Why do so many monitoring deployments fail?

By John Richardson
3/25/2013

Monitoring is more important than ever in this era of virtualization and cloud. Good performance data is critical to getting the most leverage from your servers while maintaining stability, and it’s getting harder than ever to work without performance data. As you build out your private cloud, you’ll find monitoring critical to measuring and reporting against SLAs that are built into your service catalog.

Yet monitoring tools have their own wing in the Hall of Shelfware. “We’re rolling out [product name]” often means that the tool was purchased some time ago, can report up/down only, and getting to the next level may not be a top priority. It’s a common theme we hear.

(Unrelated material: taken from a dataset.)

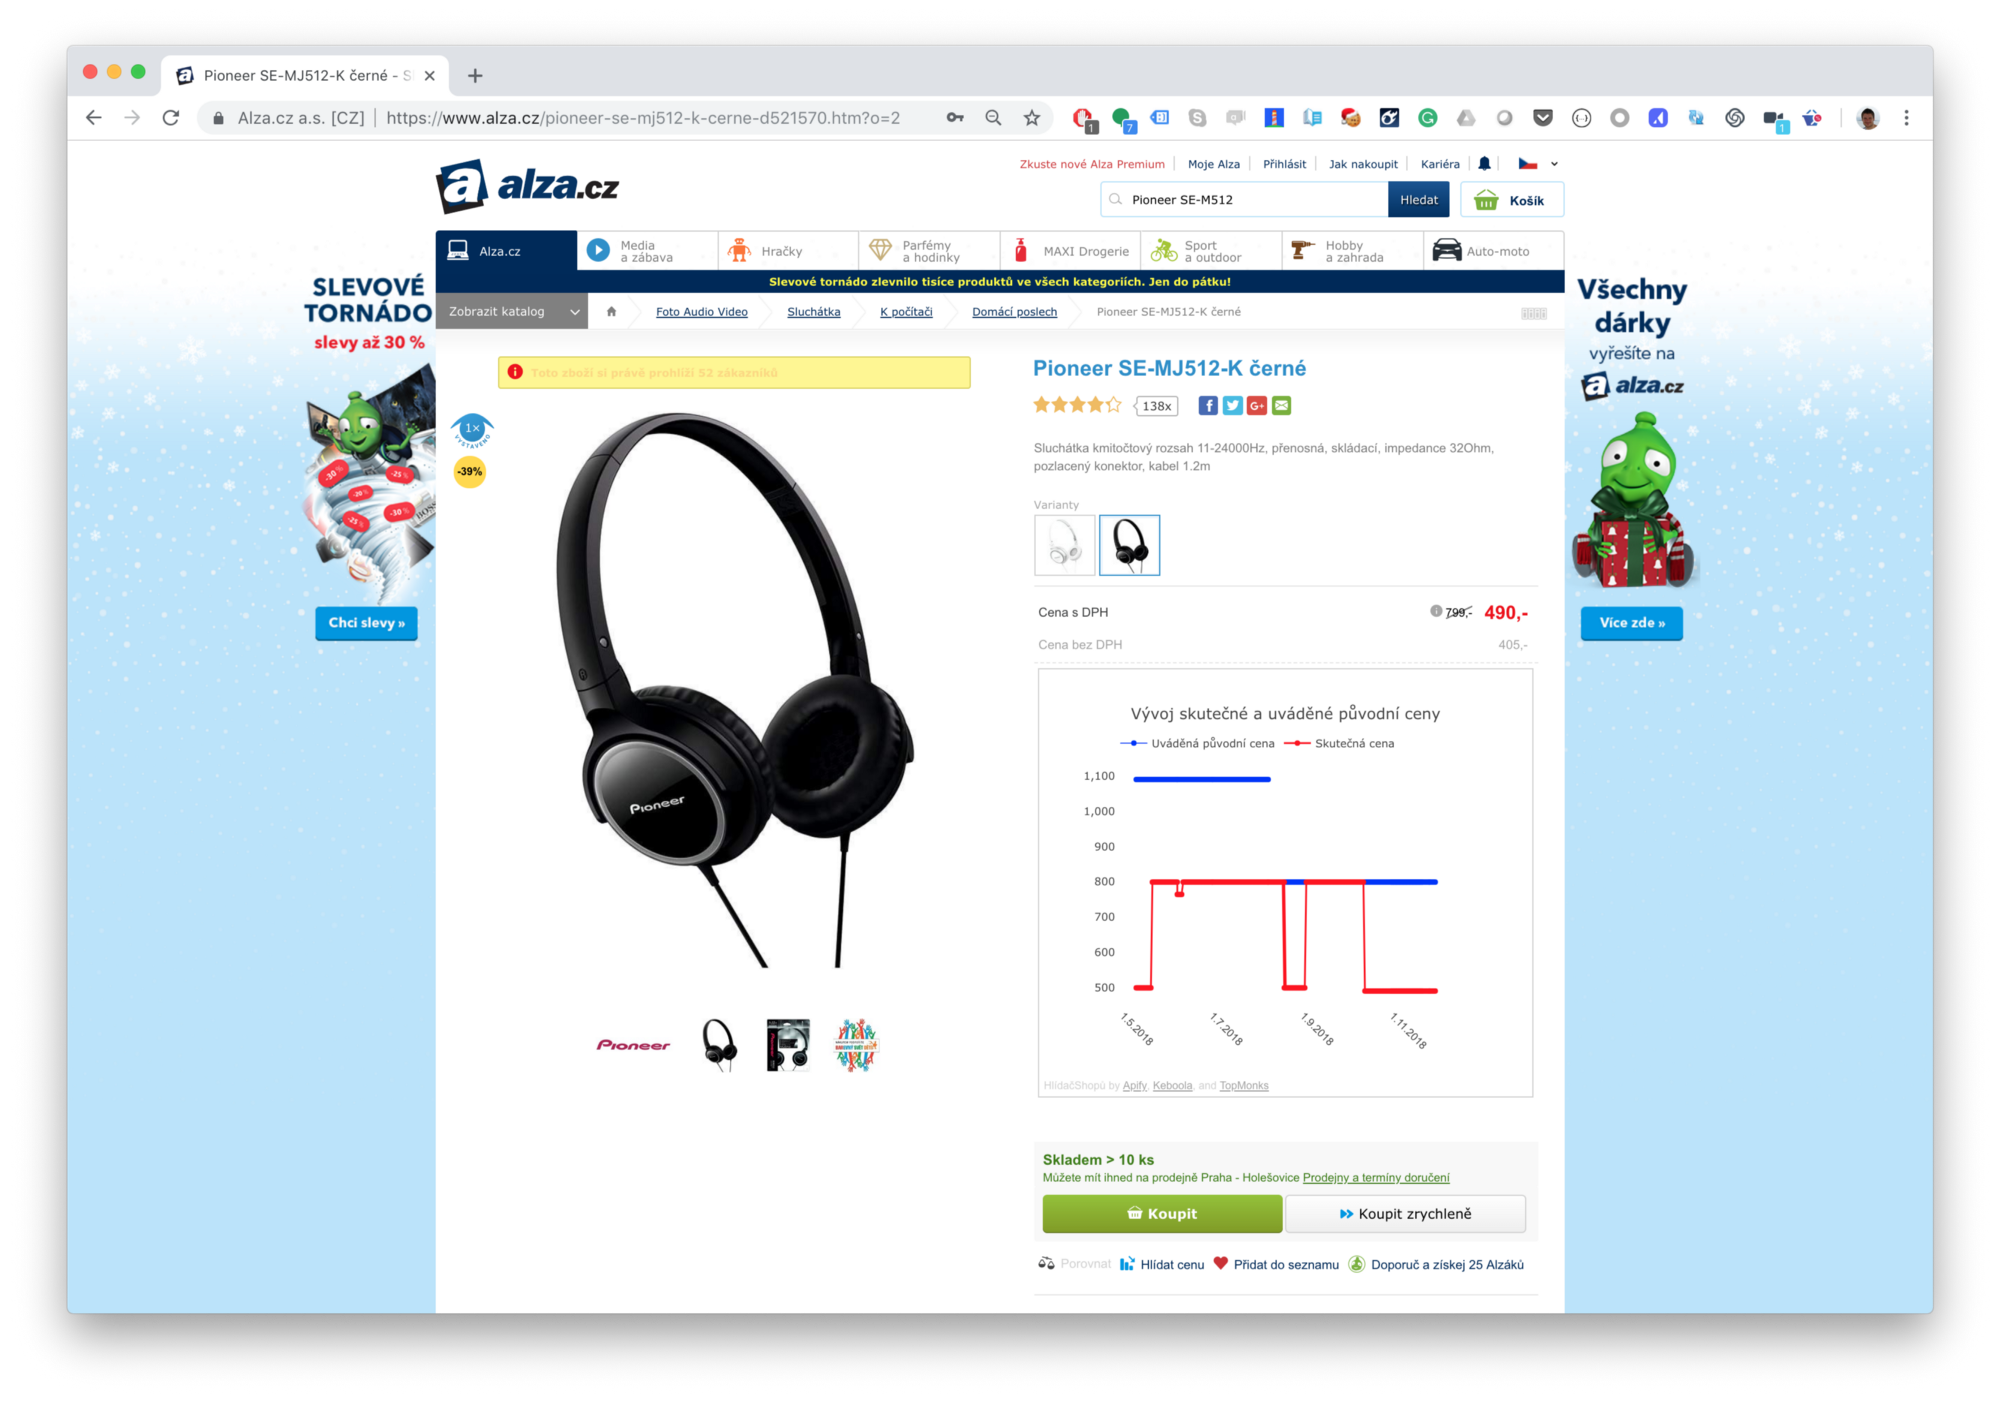 screenshot of headphones on sale at alza.cz from 799 CZK to 490 CZK

You were promised a tool that provided pre-failure alerts, captured IP addresses for your CMDB, and kept performance data that could be used to optimize your environment and troubleshoot issues. Yet all you got were alerts telling you that a server is down. As one executive confided, “I don’t need a tool to tell me a server’s down – if anyone cares, my phone rings to let me know!”

Successful monitoring is challenging for both technical and business reasons.

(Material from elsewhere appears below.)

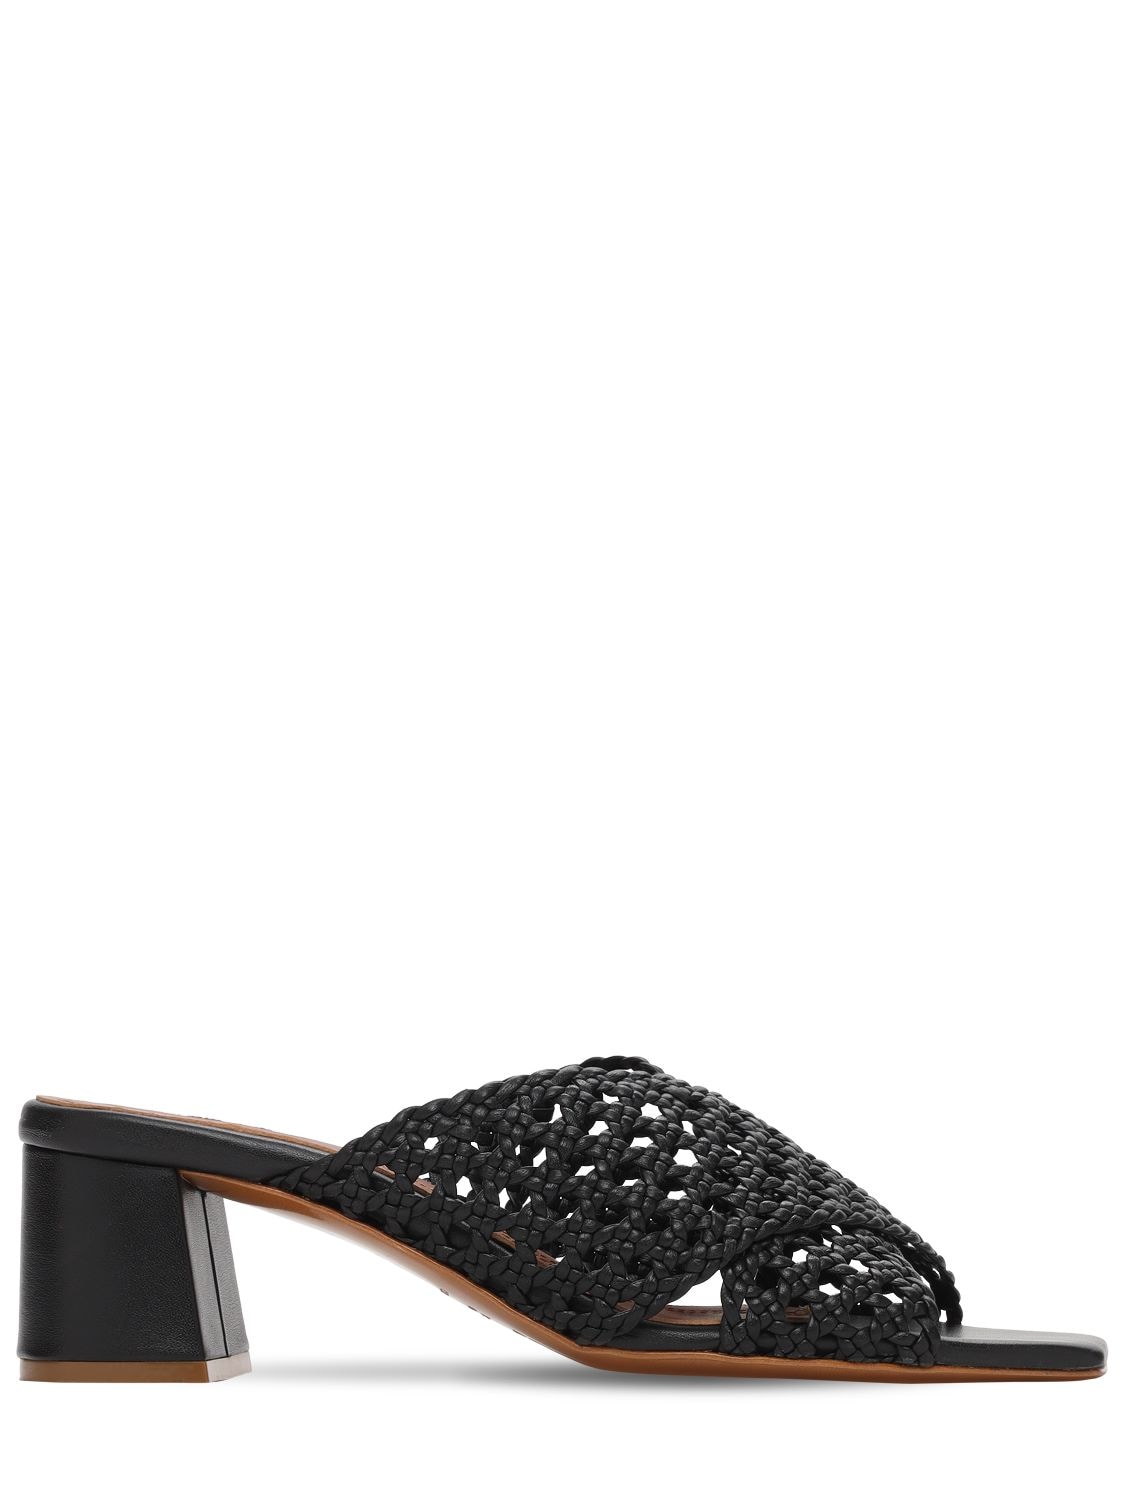 Souliers Martinez 50mm Woven Metallic Leather Mules In Black

From a technical perspective, the biggest issue revolves around tuning the alerts. Every monitored device can generate multiple informational messages every minute that your monitoring tool can pick up and evaluate for action. Tuning is figuring out:

  • which messages to pay attention to
  • at which point those messages should generate an alert
  • what level alert should be generated
  • any automated responses to the condition that should be employed
  • who should be notified

Typical implementations start with way too many alerts being generated, and often have most (if not all) of them set as priority alerts. In this scenario, the most critical alerts are buried by informational noise, and soon all the alerts are ignored. That’s usually when all but the failure alerts are suppressed, leaving you with up/down monitoring.

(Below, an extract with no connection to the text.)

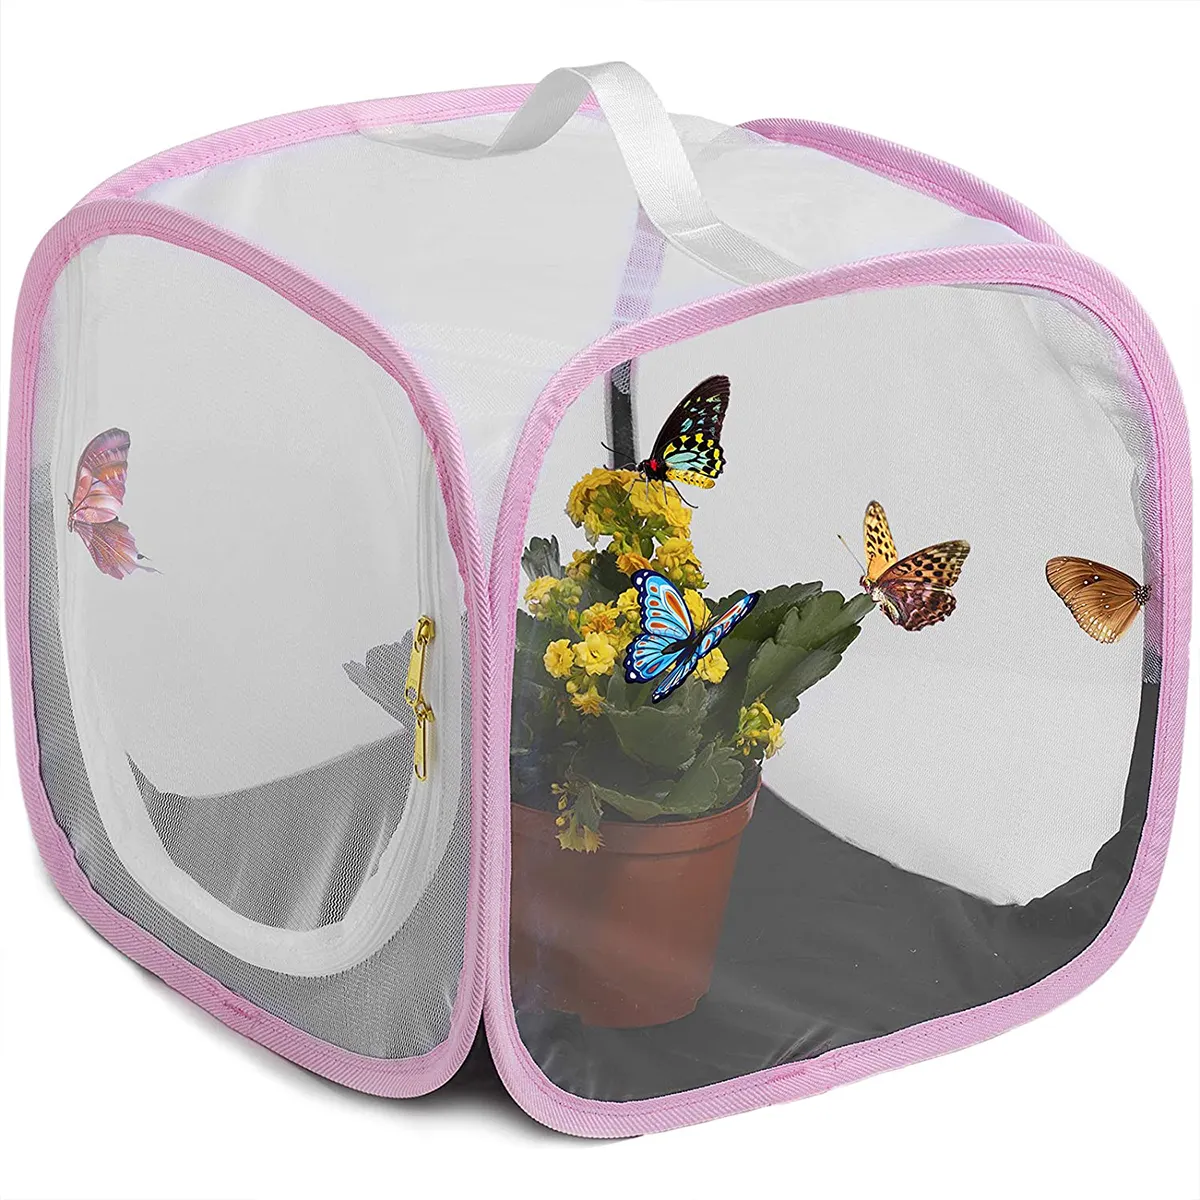 Pop Up Butterfly Insect Net Rearing Cage,Mesh Insect Cage 12 X 12 X 12 Inches Insect and Butterfly Habitat Cage Terrarium

Since the alert’s priority level and notification rules require the business to provide input, the person tuning will need to both be very strong technically and able to communicate at a practical level with business users. If no one on your team has experience successfully deploying monitoring tools, you begin to see why the failure rates on these deployments are so high.

Finding people who already have this experience is very hard, and keeping them is harder. While these people likely enjoy deploying the tools, it’s not easy to find work to keep them happy and busy on a full time basis once the tool is in place.

managed monitoring service is ideal for resolving this dilemma. For a monthly fee, you get the monitoring platform delivered from the cloud, Severity 1 alert notification, and standardized SLA reporting on your infrastructure. The monthly fee also includes the tuning expertise, and the ability to customize reporting to meet specific requirements. With a managed monitoring service, you get the data you want without having to buy, implement, maintain, and tune. Problem solved.